The Road to General Artificial Intelligence: Which Problem Will Be Solved First, General Computer Vision or General Natural Language Processing?

Introduction to General Artificial Intelligence

The quest for general artificial intelligence (AGI) has intrigued scientists and researchers for decades. AGI is the type of artificial intelligence that can carry out any intellectual task that a human being can. Two critical domains in this quest are computer vision and natural language processing (NLP). As of now, both of these technologies are far from achieving the level of intelligence that most AGI enthusiasts hope to see. However, in this exploration, we’ll delve into which problem might be solved first, or if both are intertwined to the extent that they will be solved simultaneously.

Human-Centric Aspects of Computer Vision and NLP

Computer vision and NLP are deeply rooted in human-centric constructs. A sentient being might have a “vision” that perceives electromagnetic waves beyond the visible spectrum and a symbolic system distinct from human languages to represent the world. Therefore, neither computer vision nor current NLP technologies are prerequisites for achieving generalized artificial intelligence.

However, if we were to create intelligence the human way, i.e., by mimicking human visual and linguistic abilities, both computer vision and NLP need to advance significantly. A blind person cannot comprehend descriptions of visually rich objects, and a person who can see but lacks the ability to read or write will struggle to understand human conversations. This interplay between sensory inputs and cognitive processing highlights the importance of both domains.
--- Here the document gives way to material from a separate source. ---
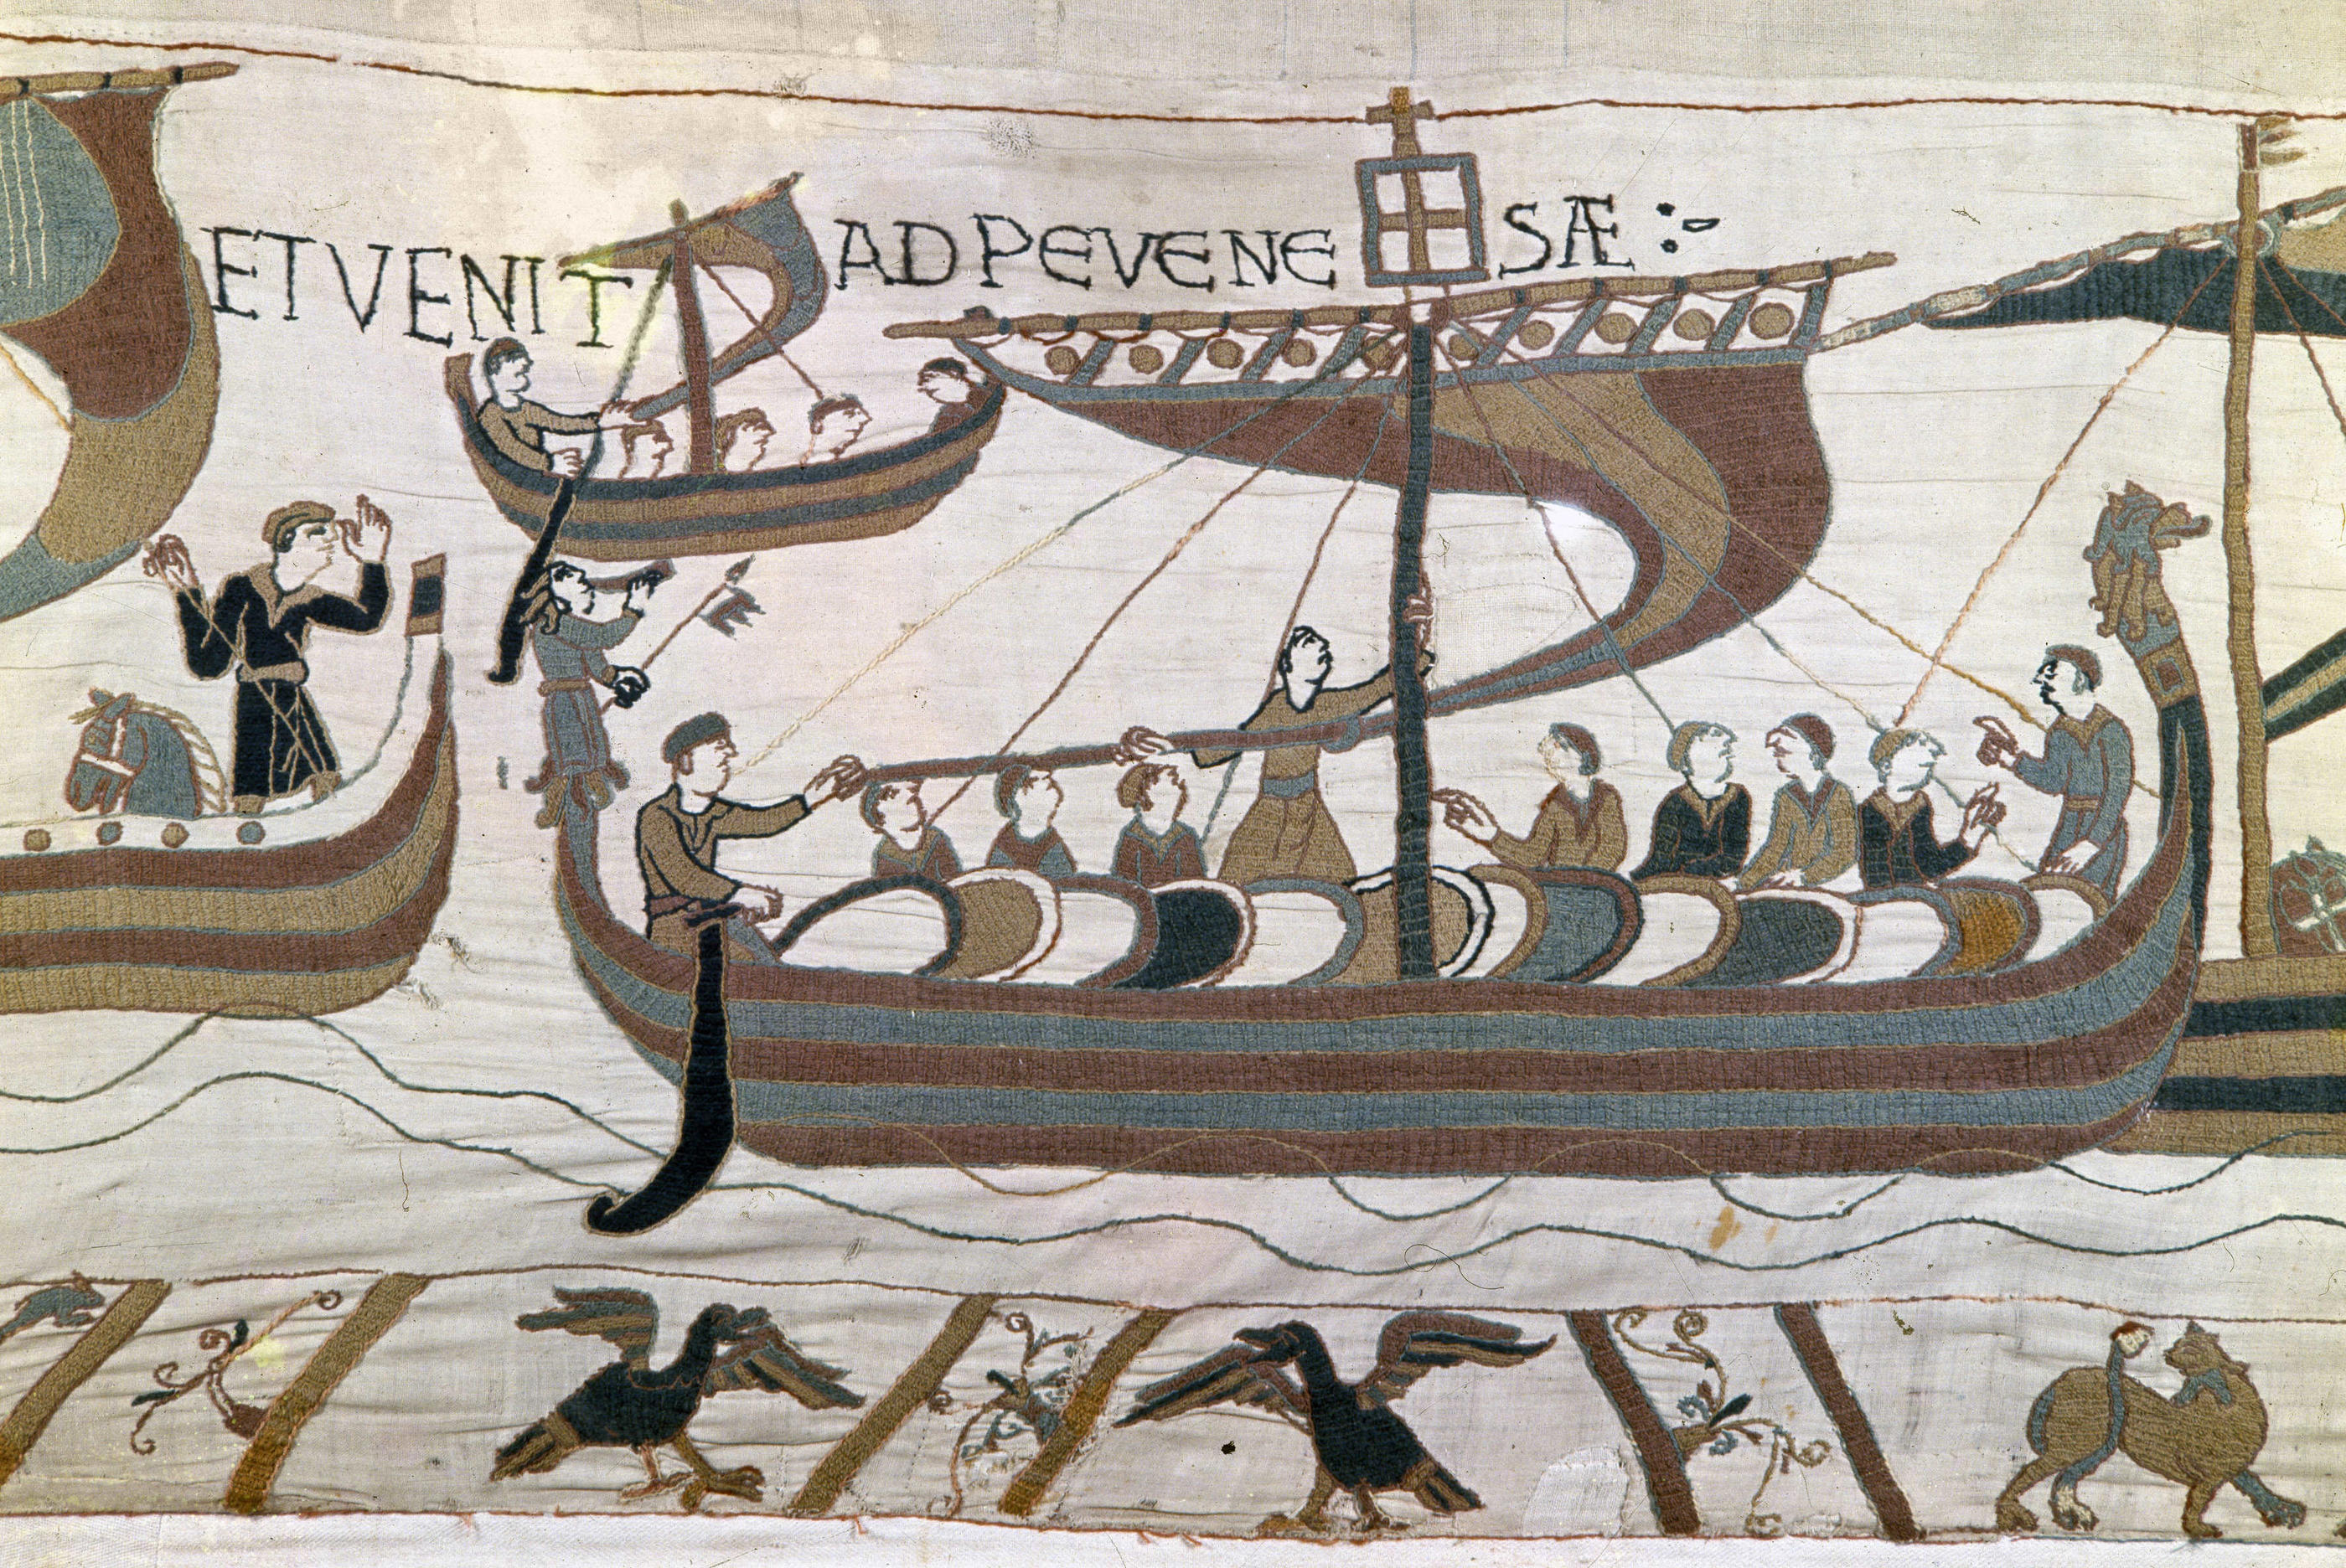 Malgré l’absence des plans de l’époque, les connaissances actuelles permettent de savoir à quoi ressemblait «la Mora» (ici représentée sur la Tapisserie de Bayeux), le navire amiral avec lequel Guillaume le Conquérant traversa la Manche pour s’emparer de l’Angleterre en 1066. Bridgeman Images/Raffaello Bencini.

Interdependence of Computer Vision and NLP

Computer vision and NLP are not standalone technologies but rather parts of a broader system that models and understands the world. Both involve the process of modeling the world, which includes understanding objects, entities, actions, and concepts. While computer vision focuses on the static and dynamic aspects of the world, NLP delves into textual and symbolic representations. The two domains are interconnected; understanding one enhances the other.

For instance, computer vision in static scenes focuses on objects, but in dynamic scenes, it involves modeling time, actions, and causality. Similarly, the world can be described through text, and visual elements can influence meaning. Both domains have overlapping processing stages that are fundamental to their capabilities.

Abstraction and Complexity

One key aspect that differs between NLP and computer vision is abstraction. NLP can handle pure abstraction more easily than computer vision, which focuses on concrete visual cues. This difference might suggest that computer vision could be solved first, as it deals with more concrete representations. However, understanding physical views over time may require an understanding of causality and abstraction. Therefore, the notion that vision might be solved first is not entirely straightforward.

Both domains are likely to see advancements in the same time frame, with each domain influencing the other. Effective approaches to both—computer vision and NLP—will emerge simultaneously. This interplay between sensory perception and cognitive understanding underscores the complex interdependence of these technologies in the pursuit of general artificial intelligence.

Conclusion

The journey towards general artificial intelligence involves intricate challenges in both computer vision and natural language processing. While these fields are distinct, they are deeply intertwined. Both will need to evolve extensively to achieve AGI. As researchers continue to push the boundaries in both domains, the solutions to these problems will likely converge in an integrated approach. The path forward remains exciting and full of possibilities for the future of AI.